Bananas were a luxury food during communism.
Bananas were a luxury food during communism.

Communist pastry shops were "our little corner of paradise."

However, instead of fine pastries, you would find "biscuit potatoes"—an enigmatic combination of flour, a kind of cocoa, and sugar, but in reality, low-quality substitutes. To drink, there was the infamous Quik Cola—a grotesque parody of the famous Coca-Cola, tasting like a mix of burnt bread and dust, with the smell of dry manure.
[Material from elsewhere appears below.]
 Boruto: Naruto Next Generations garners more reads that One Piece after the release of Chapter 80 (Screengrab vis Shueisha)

If you had an iron stomach, you could even call it a "treat." On rare occasions, you might find an "Amandina" or a "savarin"—a "cake" that dissolved on your tongue in a "feast" that seemed to last forever, only to transform into the sensation of "what the hell did I just eat?" And then there were juices like Cico, with a vague lemon flavor, or Brifcor, made from skeletal fir tree buds...

Romanian pastry shops during the communist era had a distinctive look. In 1986, Bucharest.
Romanian pastry shops during the communist era had a distinctive look. In 1986, Bucharest.
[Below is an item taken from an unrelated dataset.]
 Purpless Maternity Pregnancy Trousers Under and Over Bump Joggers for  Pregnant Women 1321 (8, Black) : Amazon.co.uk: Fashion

CHAPTER 6: FOOD PREPARATION

Cooking in communism wasn’t just a simple domestic task; it was a true test of strategy, patience, and adaptability. It wasn’t enough to have a good recipe – you had to ask yourself a few existential questions before turning on the stove: Do I have all the ingredients? Do I have gas? Do I have electricity? If the answer to all was "yes," it was probably August 23rd or an official visit, and you had been blessed with a fragment of normality. However, the usual scenario was quite different. Perhaps you had managed to get some meat from a "helpful comrade" or had triumphantly returned from a three-hour queue with some potatoes and a cabbage. Only to discover, surprise! The gas had been shut off, because the socialist economy imposed “rationalizations.” Well, you could make do with the electric stove, but do you have electricity? Not really, because that came and went on a schedule as secretive as the Party's directives. So, the backup plan: maybe you could improvise something that didn’t require too much cooking – a potato salad, a vegetable dish, anything that could be eaten without much thermal processing. Or maybe just bread with margarine and sugar, the dessert of childhood for many generations. And dinner? That was eaten by candlelight – not out of romance, but because electricity was a luxury. All this while you listened on the radio about how the country was "getting better and better," as you methodically stirred a stew where meat was more of a concept than a reality.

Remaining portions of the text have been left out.